Question

A galvanic cell consists of a metallic. zinc plate immersed in 0.1 M $$Zn{(N{O}_3)}_2$$ solution and metallic plate of lead in 0.02 M $$Pb{(N{O}_3)}_2$$ solution. Calculate the emf
of the cell write the chemical equation for the electrode reactions and represent the
cell. $$(Given,{E^{\circ }}_{Z{n}^{2+},Zn}=-0.76V,{E^{\circ }}_{P{b}^{2+},Pb}=0.13V)$$

Answer 1

Hint: To solve this, you can use the Nernst equation. It is an equation which relates the reduction potential of an electrochemical reaction i.e. half-cell or full-cell reaction to the standard electrode potential. The relation is given as-
$$E_{cell}={E^{\circ }}_{cell}-{\displaystyle \frac{0.597}{n}}\log Q$$
where, Q is the mathematical product of the concentrations of the products of the reaction divided by the mathematical product of the concentrations of the reactants.

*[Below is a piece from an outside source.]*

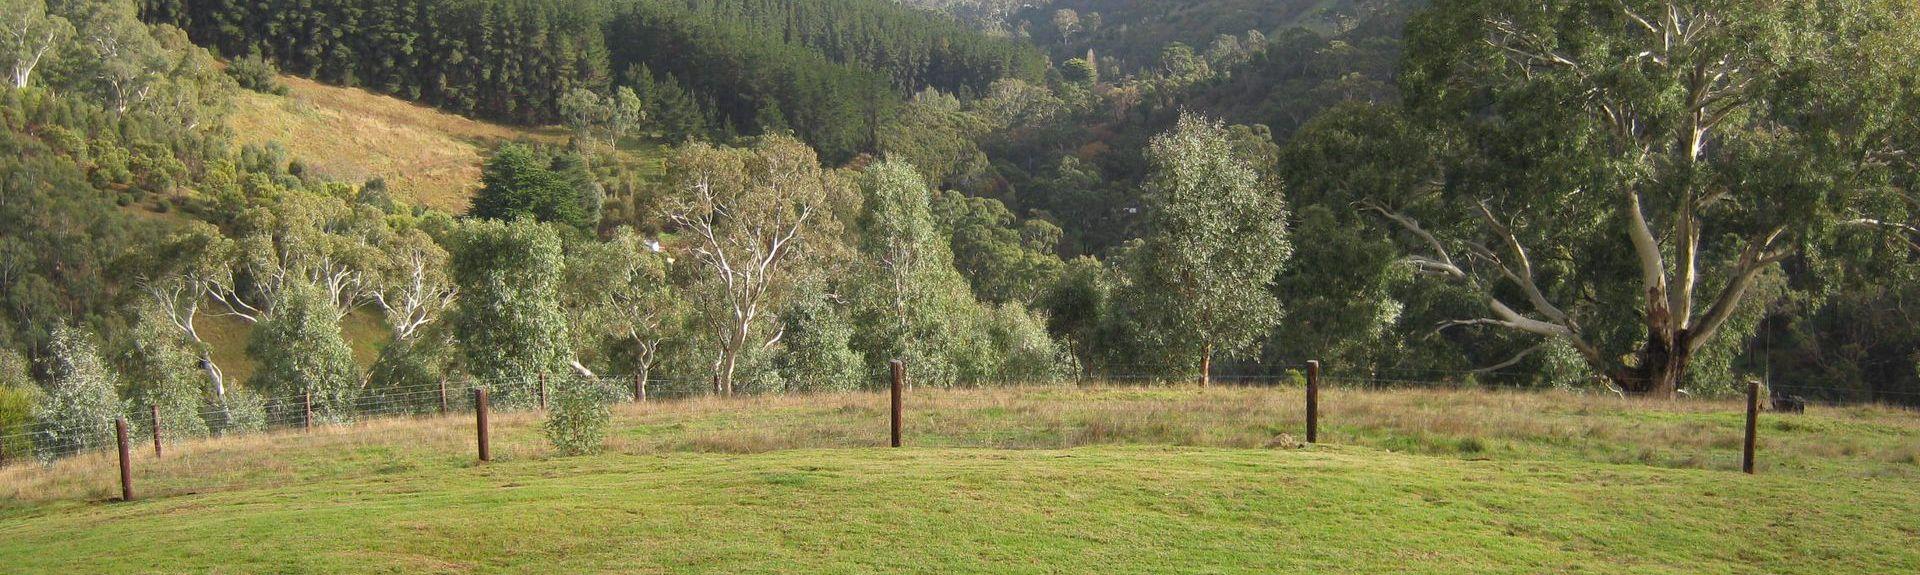 Coromandel East, South Australia, AU

Complete step by step answer:
To solve this, firstly let us understand what an emf of a cell is.
In electrochemistry, in a galvanic cell there are two electrodes. We refer to one of them as the anode and other as the cathode. The anode is the negative unit and oxidation takes place at the anode and reduction takes place at the cathode and it is the positive section.
The difference between the electrodes gives us the maximum potential difference between the two cells. This potential is termed as the cell potential and it is given by-
     $$E_{cell}=E_{cathode}-E_{anode}$$

This difference of the potential at these two electrodes calculates the potential across the cell and is termed as EMF of the cell.
Now let us discuss the given question.
Here Zn undergoes oxidation by loss of electrons, thus acting as anode. Lead undergoes reduction by gain of electrons and thus acts as cathode.
     $$Zn+P{b}^{2+}\to Z{n}^{2+}+Pb$$

First, we have to calculate the standard cell potential, It is the potential of the cell under standard state conditions, which is approximated with concentrations of 1 mole per liter (1 M) and pressures of 1 atmosphere at 25 degree Celsius.
     $$\begin{array}{rl}& {E^{\circ }}_{Z{n}^{2+},Zn}=-0.76V\\ & {E^{\circ }}_{P{b}^{2+},Pb}=0.13V\\ & E^{\circ }={E^{\circ }}_{P{b}^{2+},Pb}-{E^{\circ }}_{Z{n}^{2+},Zn}\\ & E^{\circ }=0.13-(-0.76)=0.89\end{array}$$

Now, by using Nernst equation:
$$E_{cell}={E^{\circ }}_{cell}-{\displaystyle \frac{0.597}{n}}\log {\displaystyle \frac{P{b}^{2+}}{Z{n}^{2+}}}$$

where, n is the number of electrons involved in oxidation-reduction reaction which is 2.
$$E_{cell}=0.89-{\displaystyle \frac{0.597}{2}}\log {\displaystyle \frac{0.02}{0.1}}=0.8693$$

We can see from the above calculation that the difference across the two electrodes came out to be 0.8693 which is almost equal to 0.87V.
Therefore, the emf of the cell is 0.87V and this is the required answer.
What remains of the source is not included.